Oleh : Dedi Asikin (Wartawan Senior, Pengamat dan Aktivis Sosial)
MUDIK dan macet itu ibarat kembaran. Mudik pasti macet, macet, pasti lagi mudik ya.
Mudik itu perjalanan melelahkan, tapi juga menyenangkan. Mudik tidak macet terasa hambar. Bagai sayur tak bergaram.
Teman saya dapat jodoh ketika mudik dan macet. Iseng-iseng jadi don yuan, eh kecantol beneran. Beranak pinak. Sekarang anaknya sudah delapan dengan 12 cucu. Kalau mudik ada 2 mobil dan 3 motor. Ngaleut ngabandaleut kaya pengungsi Palestina.
Saya mengalami macet mudik sejak tahun 60 an. Ketika masih bujangan, bagai bajingan naik bis. Kalau perlu di tingkat dua, tak beratap. Jika panas bercucur keringat. Jila hujan berbasah kuyup. Tapi senang bukan kepalang. Waktu itu masih punya gacoan di lembur. Tapi jodoh Tuhan yang atur. Diberi jodoh orang Bandung. Anak 5 dan 8 cucu.
Saya juga korban keadaan, jadi urban ke kota. Jadi petani seperti ayah, ternyata cuma tinggal daki, gak mukti-mukti.
Tapi di kota juga tak jadi menteri seperti Harmoho atau profesor Krisna Harahap yang jadi Hakim Agung 17 tahun. Edun suredun.
Apalagi seperti Joko Widodo. Orang pinggir Kali Karang Tengah itu, planga plongo urban ke Jakarta. Eh nasibnya luar biasa. Tak perlu dikata kata.
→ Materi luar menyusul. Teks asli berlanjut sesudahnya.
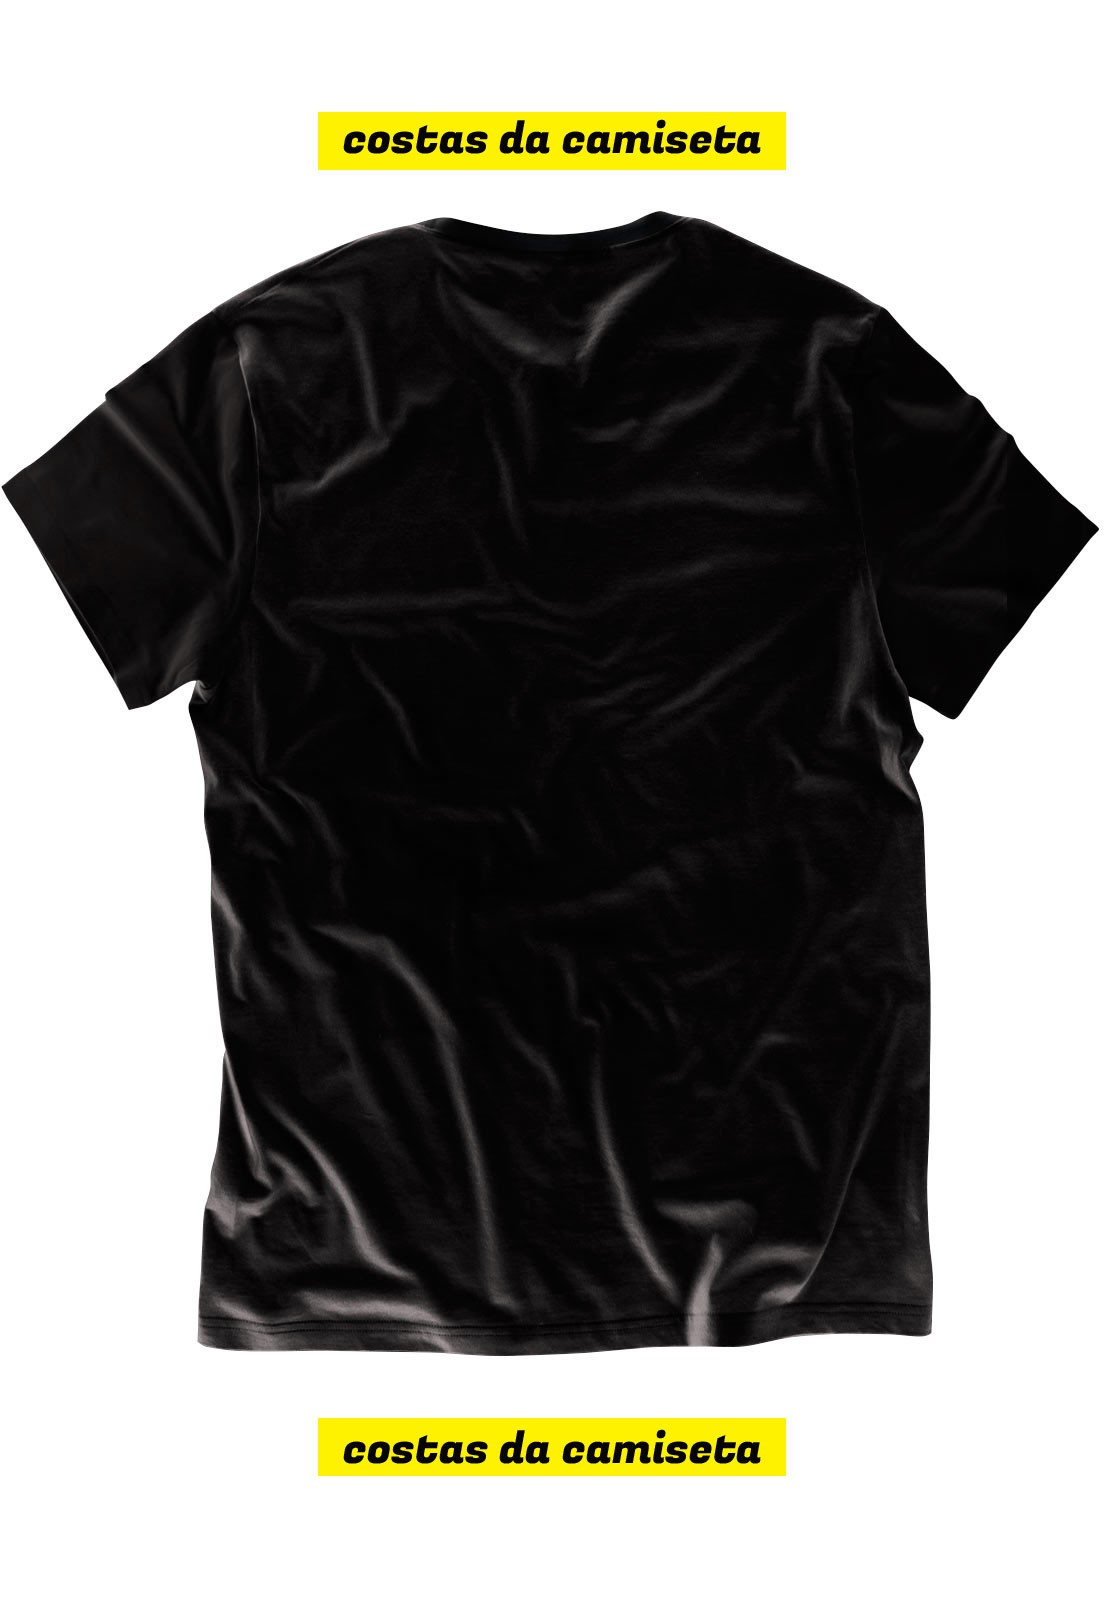 Camiseta Caveira Mexicana Floral Skull Tshirt Camisa Swag

Allah sudah ketuk palu di hadapan malaikat Jibril. Soal akhir hidup yang terjadi dan dia lakukan, biarlah dia yang memaknai.
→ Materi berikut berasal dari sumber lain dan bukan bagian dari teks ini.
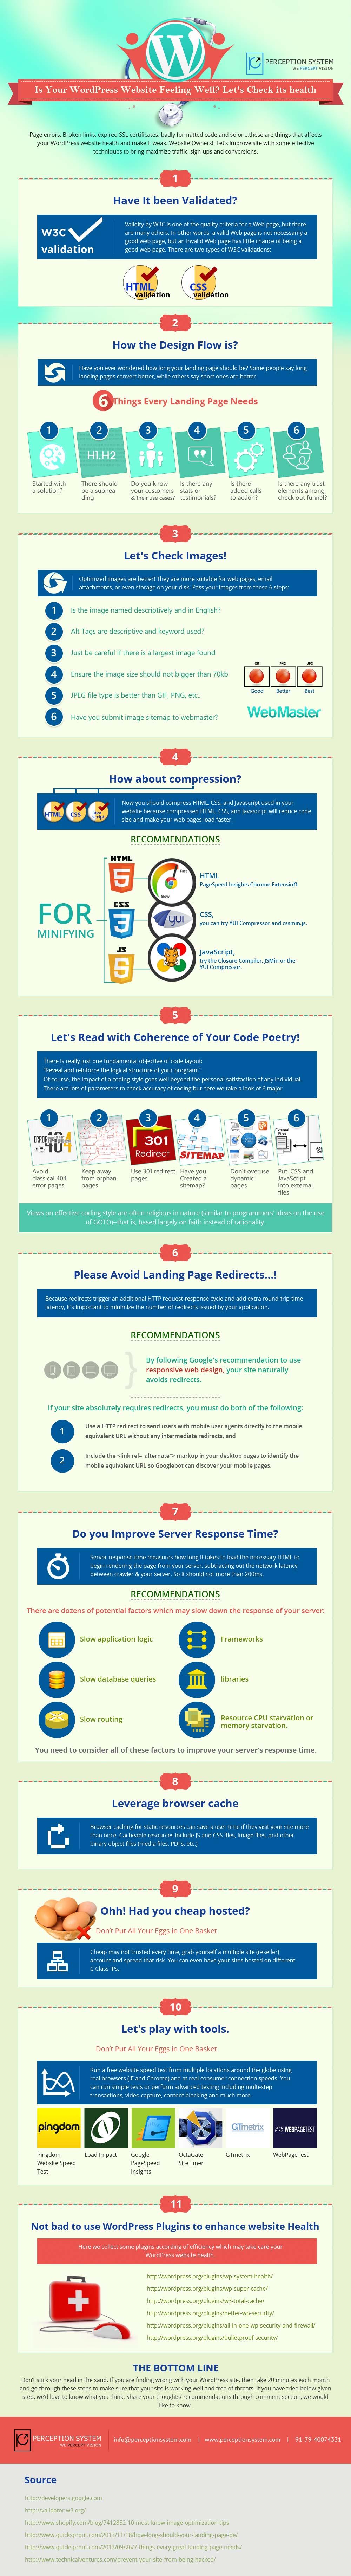 Best Way to Run a WordPress Site

Saya cuma jadi kuli tinta, kuli disket dan sekarang buruh digital. Sedikit lebih berkasta dari pada buruh tembok. Apa iya? Ah itu mah halusinasi doang. Lebihnya cuma gampang kenal dengan semua orang mulai orang jalanan sampai penghuni gedongan, penjabat atau penjahat.
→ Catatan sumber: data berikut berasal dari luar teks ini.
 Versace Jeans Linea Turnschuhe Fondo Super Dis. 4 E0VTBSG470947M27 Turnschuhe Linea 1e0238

Tapi pekerjaan kuli tinta itu menyenangkan. Pergi, ketemu orang ngobrol sambil ketawa ketiwi, jadi deh tulisan. Jadi duit kecil kecilan. Jauh panggang dari api jika dibanding jadi penambang timah ilegal. Tapi kemudian masuk penjara. Amit amit jabang tutuka.
Sekarang saya masih wartawan dan menulis terus. Cuma bukan lagi wartawan stuktural, wartawan kultural barangkali.